しかし、戸建てでは住まいのいたみを直したいという回答が2位の2倍以上の得票率となっており、愛知県では特に住まいのいたみを修理したいというニーズが強いことがわかります。これには、愛知県で高経年の住宅が増えていることが背景にあると考えられます。

「愛知県住生活基本計画2025」によると、分譲マンションにはなりますが、新規供給戸数は、1994年をピークに減少傾向にあり、今後はピーク時に建てられた建物の老朽化がはじまります。
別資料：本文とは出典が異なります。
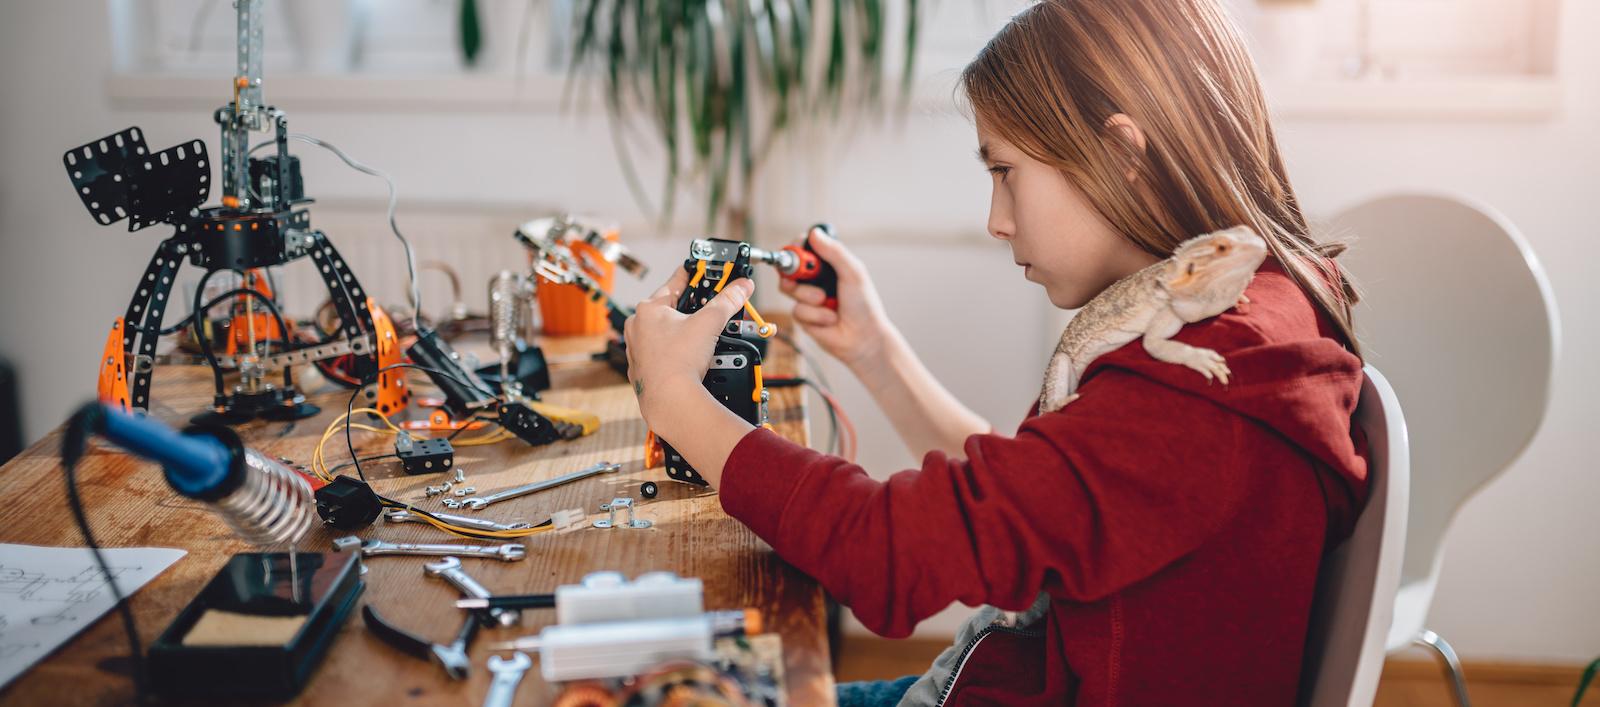 Girl building robot

一般的に築年数が経過すると、雨風で外壁・屋根が痛む、水回りの部品が故障するなどのトラブルが出やすくなり、住まいのいたみに対する不満が大きくなっていることが想像できます。

4.お気に入りの庭を活かした全面リフォーム

愛知県在住の方に、住まいのこだわりや理想のリフォーム、直近5年でリフォームした箇所についてアンケートを取った結果をご紹介してきましたが、いかがでしたでしょうか。

住まいに対してこだわりや住みたいと思う理想はありつつも、将来ではなく直近5年のように、現実的な設問になると今困っていることや利便性を求める方が多いようです。

実際、なにかが故障してから買い替えやリフォームを検討される方も少なくありません。

しかし、これから住み続けていく住まいでは、理想とする住まいの形を実現するために、まとめてリフォーム/リノベーションをしてしまった方が、トータルで見ると安くなるケースがほとんどであり、住みたいと思える家で暮らすことができます。

この機会に、改善したい個所ではなく、「どんな家に住みたいか?」を考えてみてはいかがでしょうか。

最後に、愛知県で理想の住まいを手に入れたR邸の事例をご紹介します。

立地も良く、間取りも気に入った中古住宅を購入してお住まいでしたが、フルリフォームをしてこだわりの家に住みたいという想いや、耐震・設備の古さにも不安があったため実際にフルリフォームされました。

もともと気に入っていた庭をそのまま活かし、水まわり(キッチン 浴室・バス トイレ 洗面)、居室(リビング・ダイニング 洋室(寝室・子供部屋など))、その他(収納)、など全面的にリフォームした事例になります。